Le 21/05/2013 07:04, Alex Samad - Yieldbroker a écrit :
Hi
I have setup a small 2 node cluster that we are using for HA a java app.
Basically the requirement is to provide HA and later on load balancing.
My initial plan was to use
2 nodes of linux
Iptables cluster module to do the load balancing
Cluster software to do the failover.
I have left the load balancing for now, HA has been given a higher priority.
So I am using centos 6.3, with pacemaker 1.1.7 rpm's
I have 2 nodes and 1 VIP, the VIP determines which node is the active one.
The application is actual live on both nodes, its really only the VIP that moves
I use pacemaker to ensure 1 the application is running and to place the VIP in
the right place
I have create my own resource script
/usr/lib/ocf/resource.d/yb/ybrp
Used one of the others script files for that, but it test
1) the application is running by using ps
2) that the application is okay, it can make a call and test the result
The start stop basically touches a lock file
Monitor does the test
Status uses the lock file and does the tests as well
So here is the output from
crm configure show
node dc1wwwrp01
node dc1wwwrp02
primitive ybrpip ocf:heartbeat:IPaddr2 \
params ip="10.32.21.10" cidr_netmask="24" \
op monitor interval="5s"
primitive ybrpstat ocf:yb:ybrp \
op monitor interval="5s"
group ybrp ybrpip ybrpstat
property $id="cib-bootstrap-options" \
dc-version="1.1.7-6.el6-148fccfd5985c5590cc601123c6c16e966b85d14" \
cluster-infrastructure="openais" \
expected-quorum-votes="2" \
stonith-enabled="false" \
no-quorum-policy="ignore" \
last-lrm-refresh="1369092192"
is there anything I should be doing differently, I have seen colocation option
and something about affinity of resources, but I used group which would be the
best practise way of doing it ?
Probably writing a better ocf script that doesn't rely on 'ps' (eww!)
but on a real lsb 'status'.
my next step is to add in iptables cluster ip modules.
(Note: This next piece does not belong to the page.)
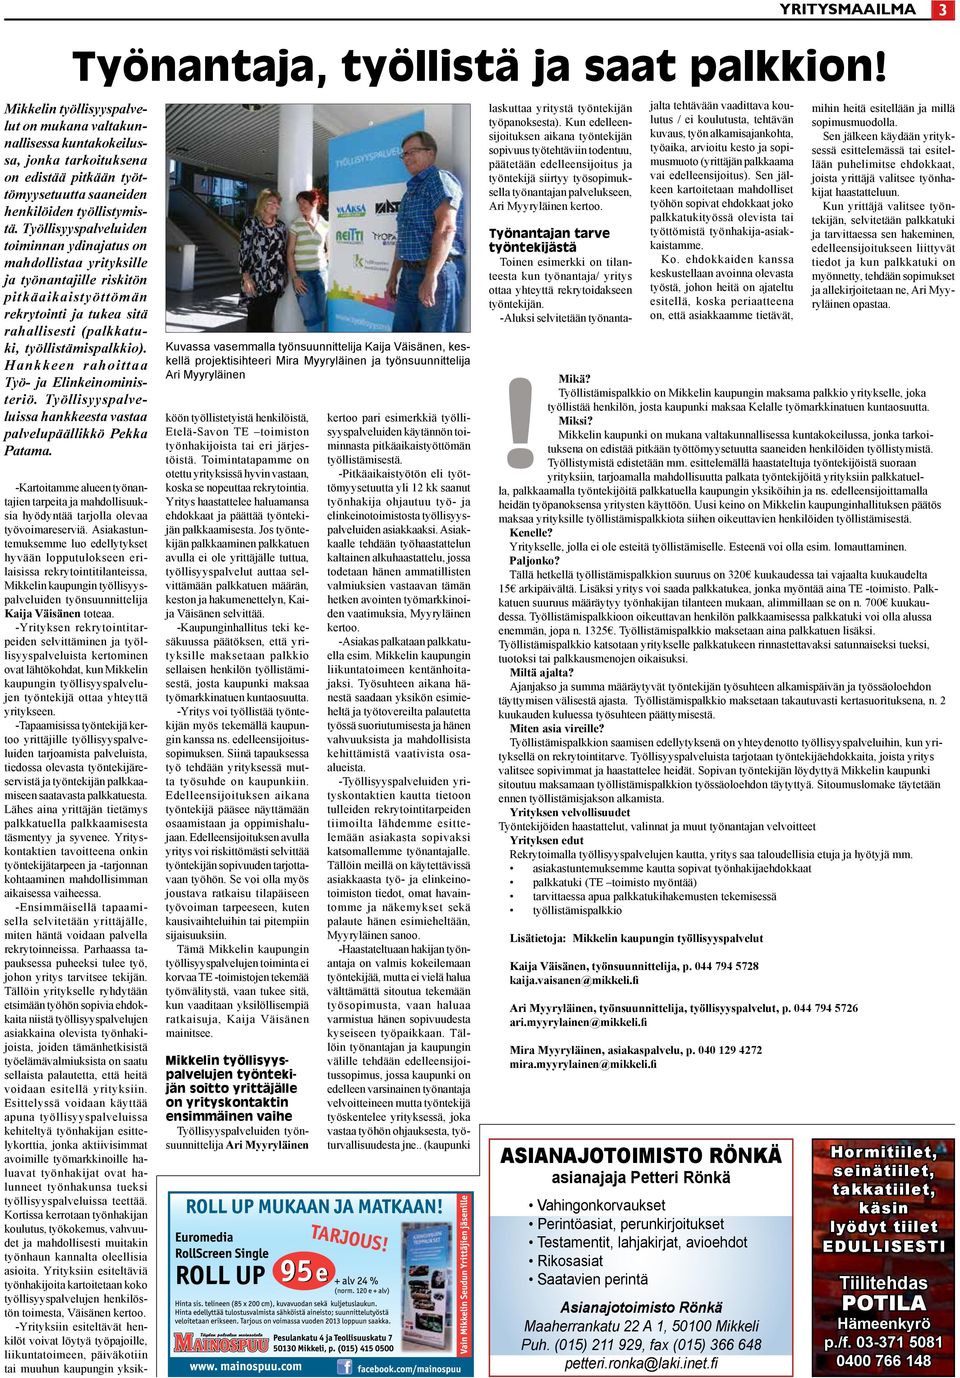 Mikkelin työllisyyspalvelut on mukana valtakunnallisessa kuntakokeilussa, jonka tarkoituksena on edistää pitkään työttömyysetuutta saaneiden henkilöiden työllistymistä.

It is controlled by a
/proc/.... control file. Basically you tell the OS how many nodes and which
node number this machine is looking after.
So I was going to make a resource for node number ie node 1 preference for node
1 and node 2 preference for node 2. So that when 1 node goes down it will bring
that resource over to it. That can be done by poking a number into the /proc
file
But I have seen some wierds things happen that I can explain or control.
Sometimes things go a bit off when I do a
/usr/sbin/crm_mon -1
I can see the resource have errors next to them and a message along the lines of
operation monitor failed 'insufficient privileges' (rc=4)
I normally just do a
crm resource cleanup ybrpstat
and things come back to normal, but I need to understand how it gets there and
why and what I can do to stop it
Maybe the user that runs pacemaker have the right to execute your 'ybrp'
ocf script but not the 'ps' that you used in it ?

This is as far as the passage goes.